Ideas Need to Be Sown & Grown

Ideas have been getting a bad rap lately.

Some say the lack of innovation within organizations isn’t because of a lack of ideas, rather a lack of action. There are too many ideas and not enough implementors.

But, ideas need champions to implement them. Just the same way seeds need farmers.

A popular recommendation is: Stop generating ideas and start taking action. Stop the brainstorming and get to work. To maintain the farm comparison, since crop production (innovation) is down we need more farmers (execution) and fewer seeds (ideas).
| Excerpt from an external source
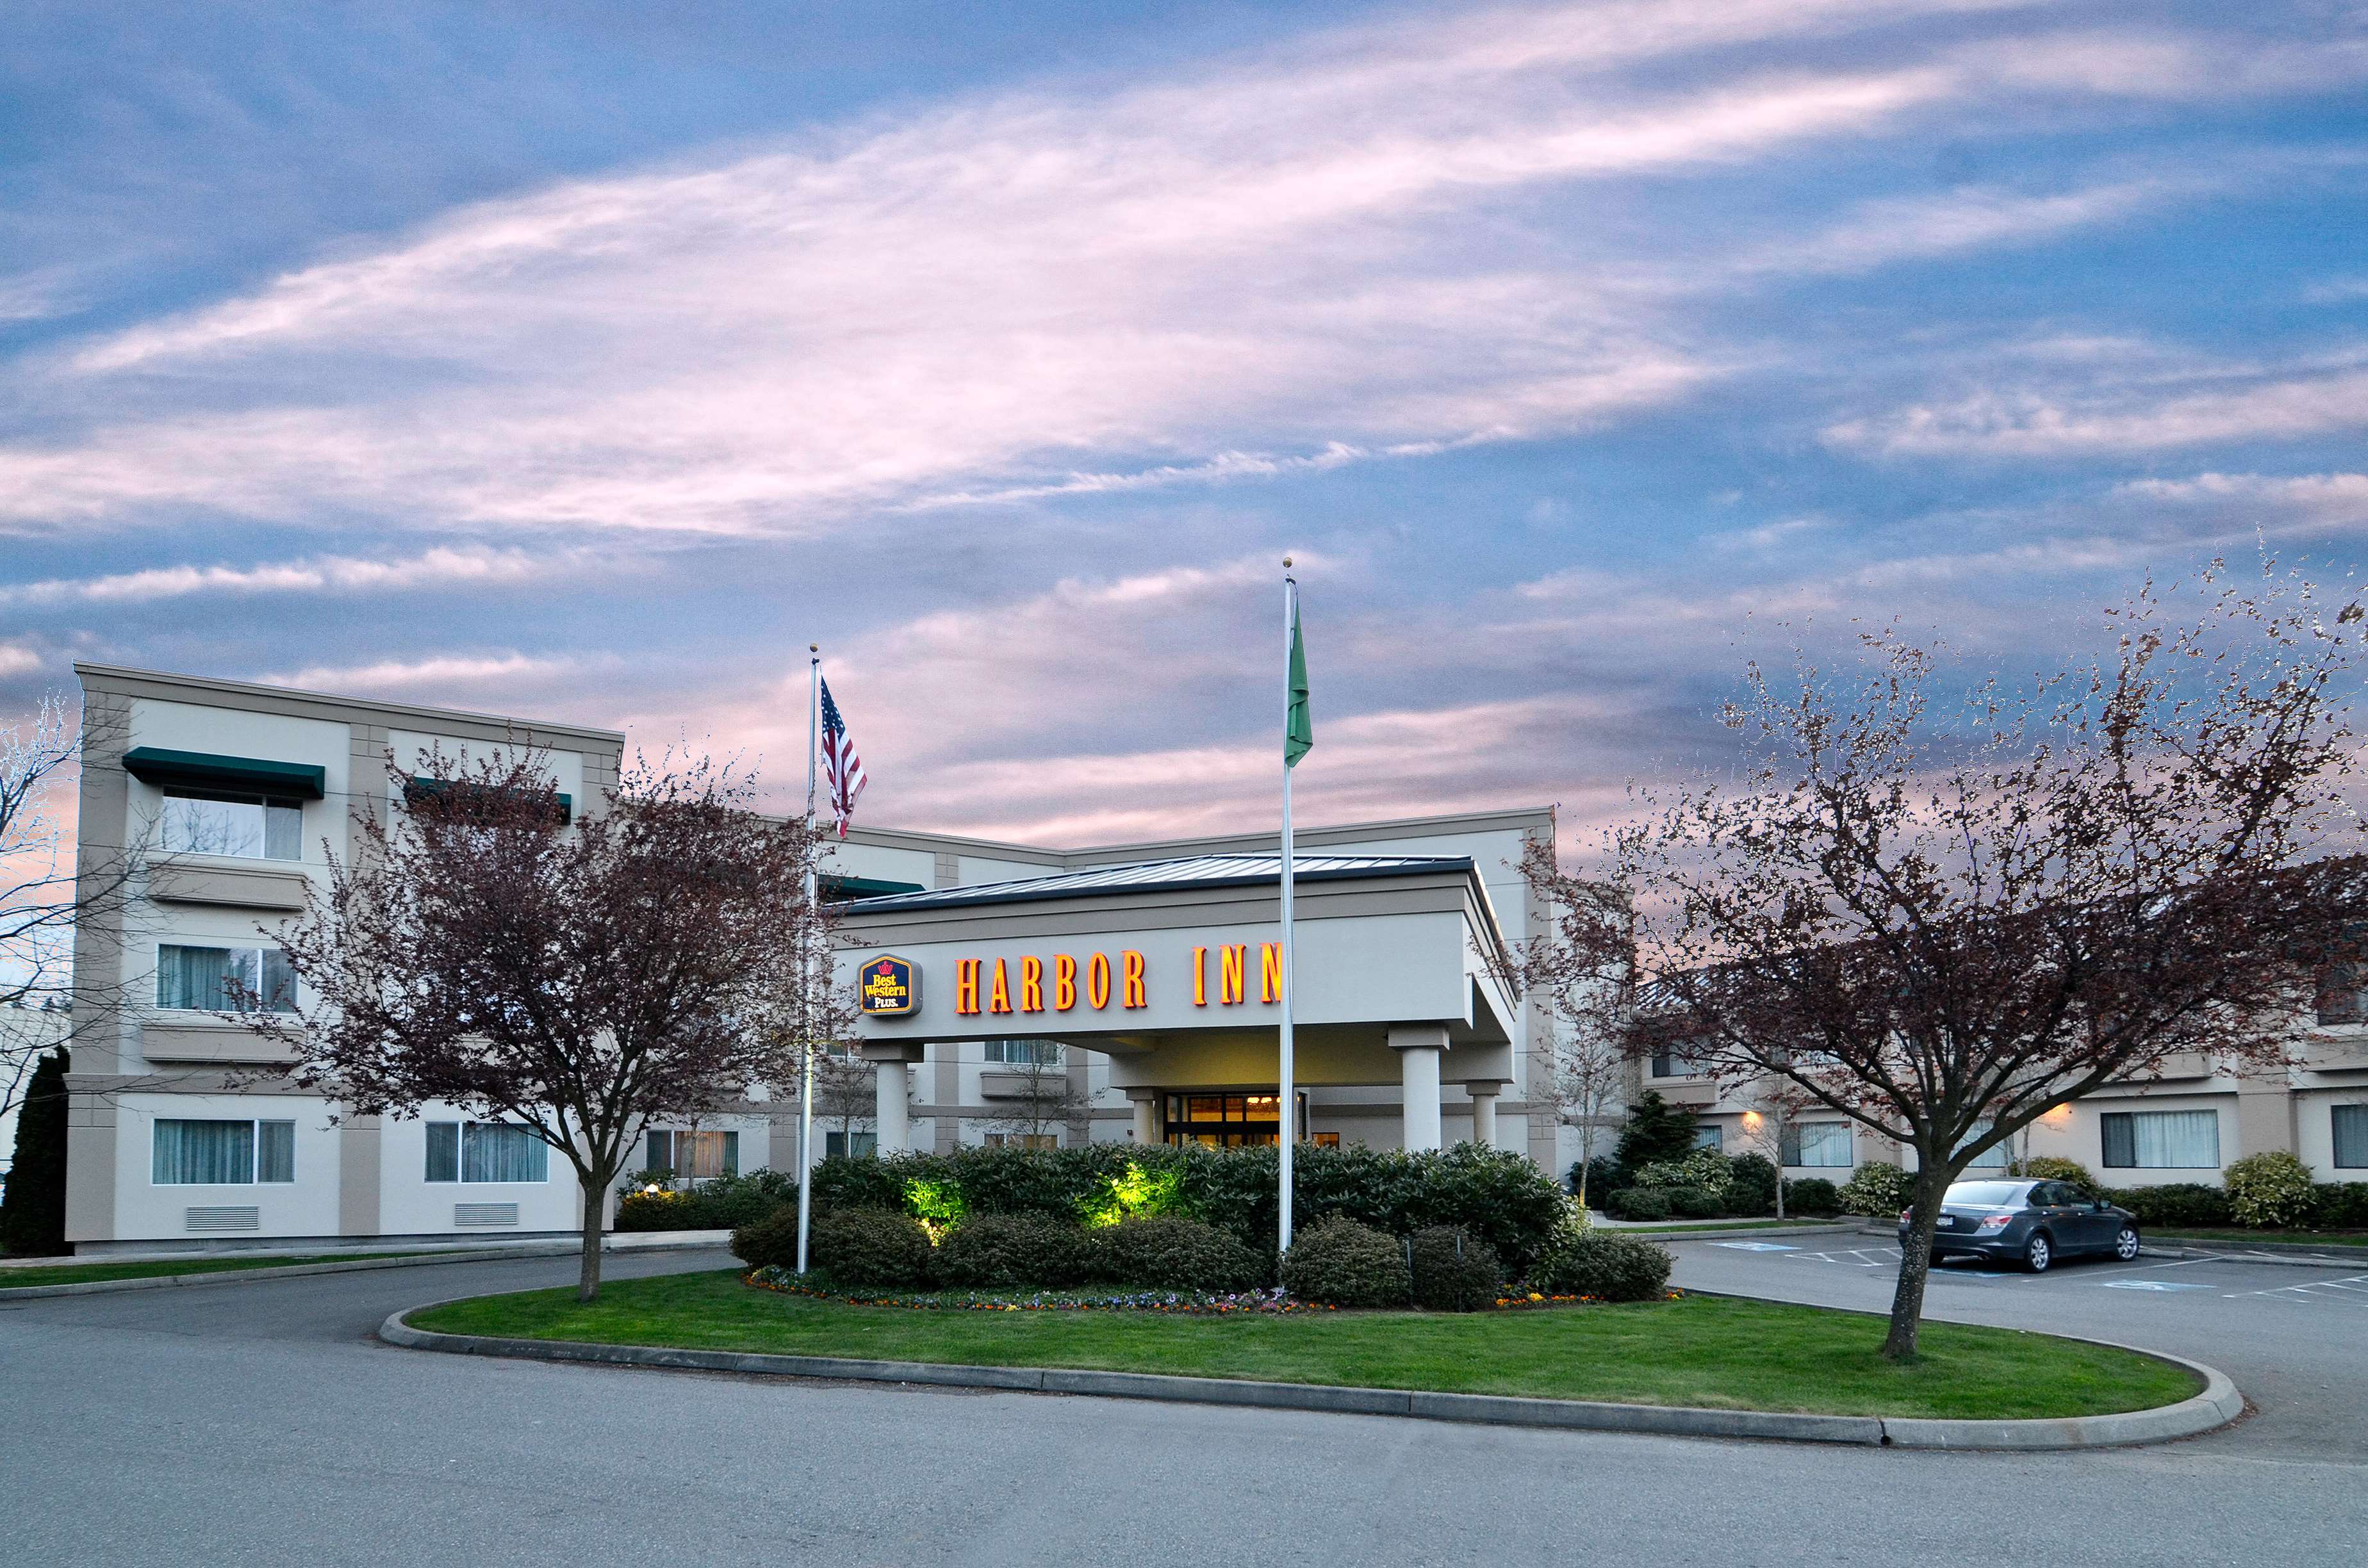 Best Western Plus Edmonds Harbor Inn in Edmonds, WA - (425) 771-5...
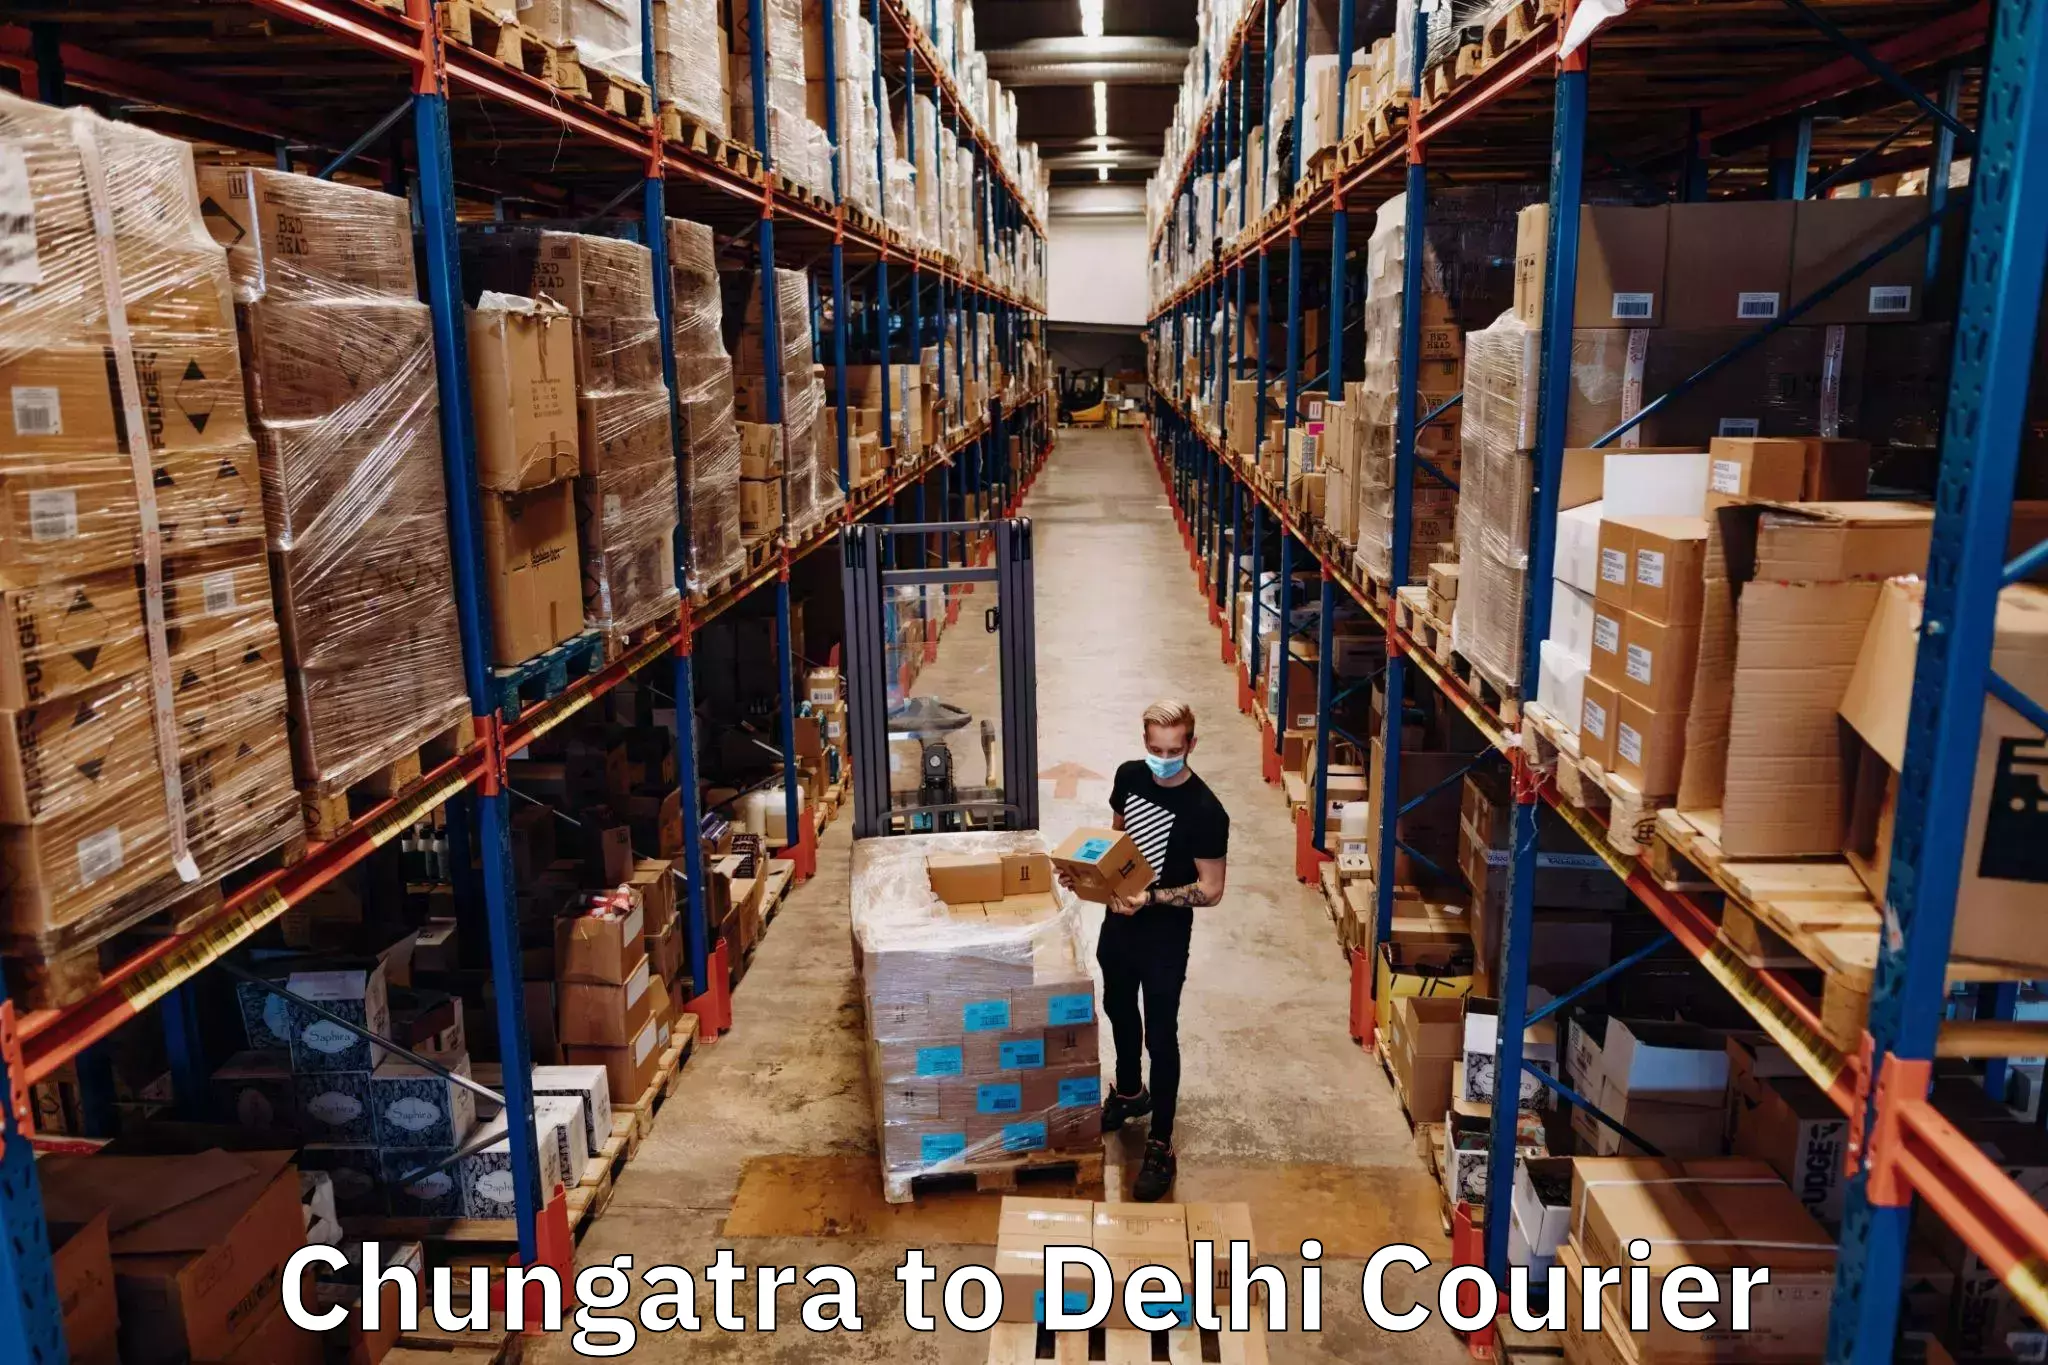 High-capacity parcel service Chungatra to Sarojini Nagar

But that doesn’t work. We’d end up with a bunch of hungry farmers standing in cropless fields.

Fact is, we need both.

There is a symbiotic relationship between these pairs. One can’t get along without the other. We ‘get’ that a seed isn’t a plant. We should understand an idea isn’t a plan. Seed (and ideas) take time, patience, pruning, and weeding to bear fruit.

And brainstorming is for more than idea generation. It is also a solution-finding process. We meet for more than creating ideas. Brainstorming and strategy sessions help us choose the right idea to properly solve the problem or grow the business. Which seed is right for the soil you have? For the amount of water you have access to? What is right for the crop you want to produce?

Next time you run into someone bashing ideas, remember… It isn’t one or the other. We need to be good at both idea generation and idea execution.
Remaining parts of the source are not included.